- Low: It annoys or frustrates me for a moment.
Greetings! I’m still testing the stability of the Ray cluster that I set up on a few computers connected in a local network. I start the cluster by running ray start and I monitor the cluster from both the dashboard and ray status on the head node.
An issue I ran into is that the ray status command worked initially after the Ray cluster was started but then it started to complain Ray cluster is not found at 192.168.1.100:6379 due to deadline exceeded errors. Interestingly, the Ray cluster was actually still running: the existing and new jobs still finished and the dashboard was able to update according to the workload.

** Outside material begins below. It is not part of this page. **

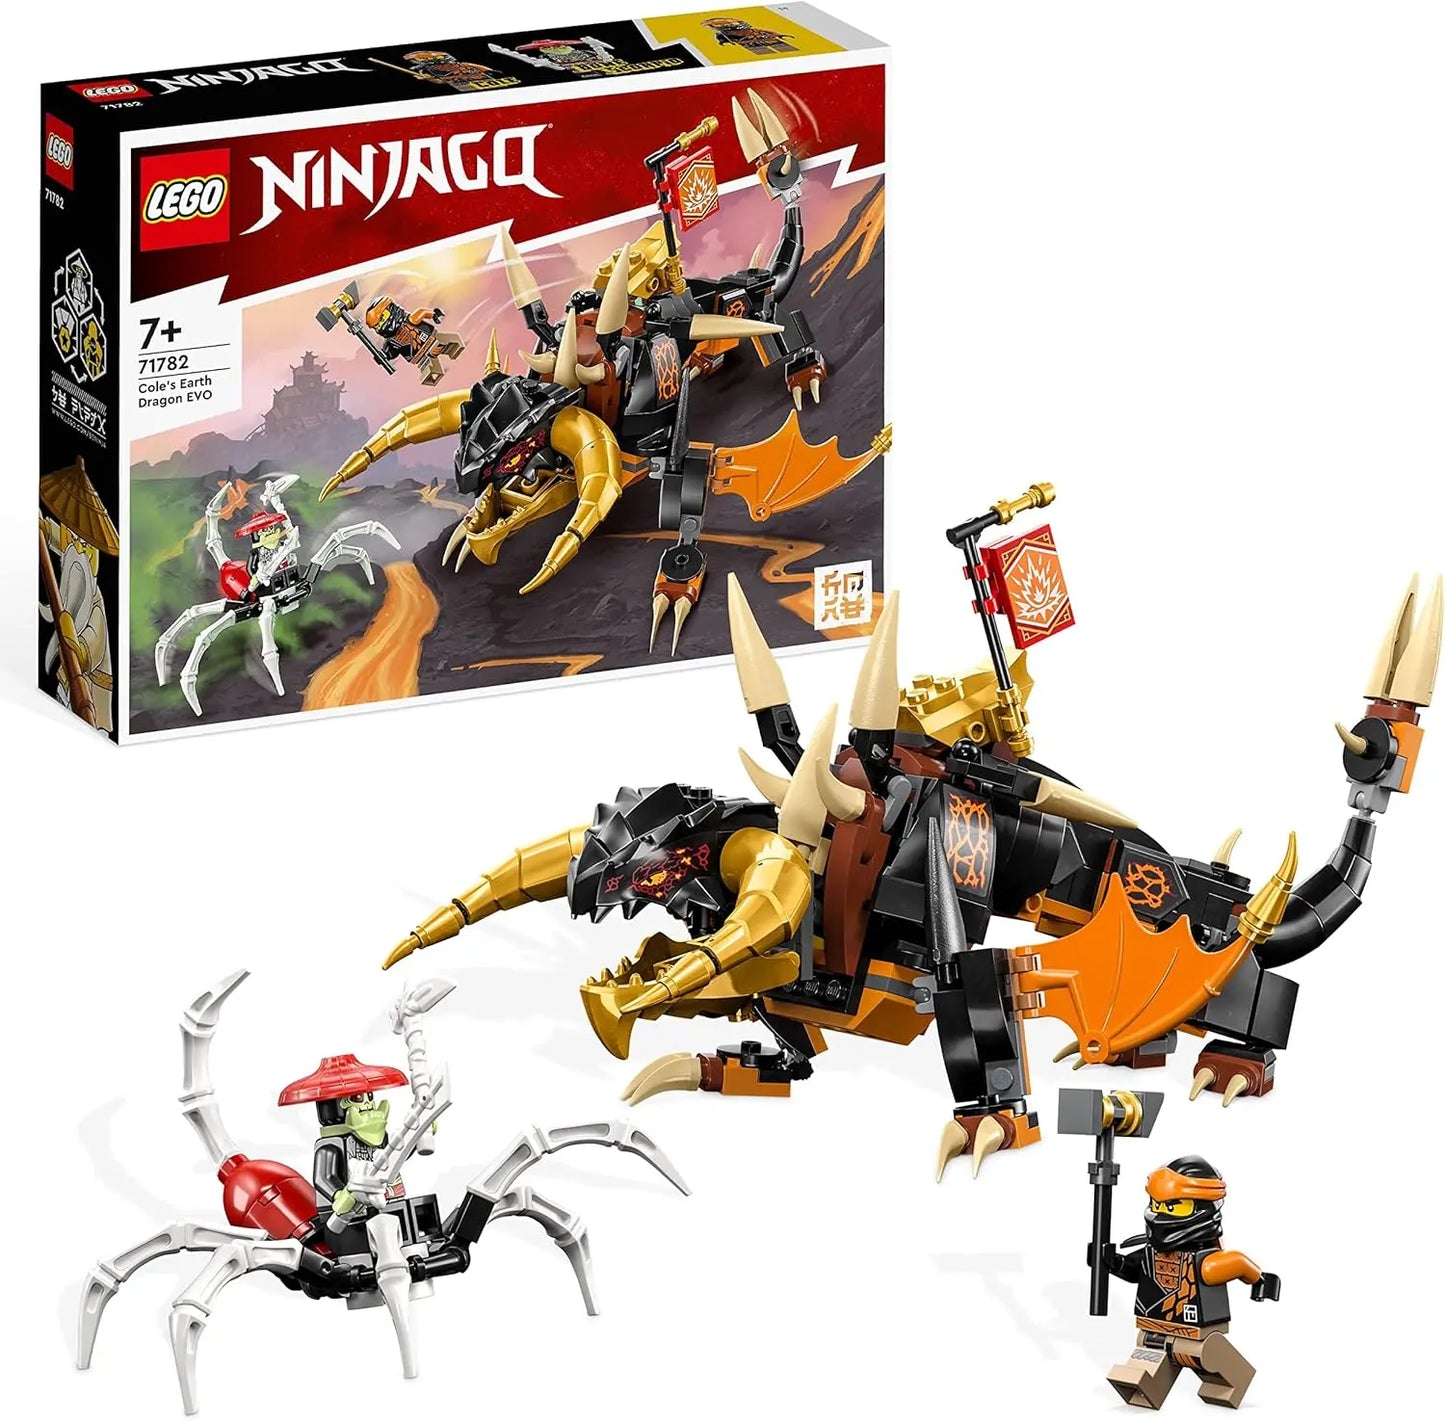 jouet LEGO Ninjago 71782 Le Dragon de terre de Cole lego

It would be nice to have ray status working stably as it shows the number of pending tasks, which is not available on the dashboard.
Error message:
Traceback (most recent call last):
File "/home/xyz/.local/lib/python3.10/site-packages/ray/_private/gcs_utils.py", line 120, in check_health
resp = stub.CheckAlive(req, timeout=timeout)
File "/home/xyz/.local/lib/python3.10/site-packages/grpc/_channel.py", line 946, in __call__
return _end_unary_response_blocking(state, call, False, None)
File "/home/xyz/.local/lib/python3.10/site-packages/grpc/_channel.py", line 849, in _end_unary_response_blocking
raise _InactiveRpcError(state)
grpc._channel._InactiveRpcError: <_InactiveRpcError of RPC that terminated with:
status = StatusCode.DEADLINE_EXCEEDED
details = "Deadline Exceeded"
debug_error_string = "{"created":"@1666548607.243184041","description":"Deadline Exceeded","file":"src/core/ext/filters/deadline/deadline_filter.cc","file_line":81,"grpc_status":4}"
>
Ray cluster is not found at 192.168.1.100:6379
I’m using Ray 2.0.0.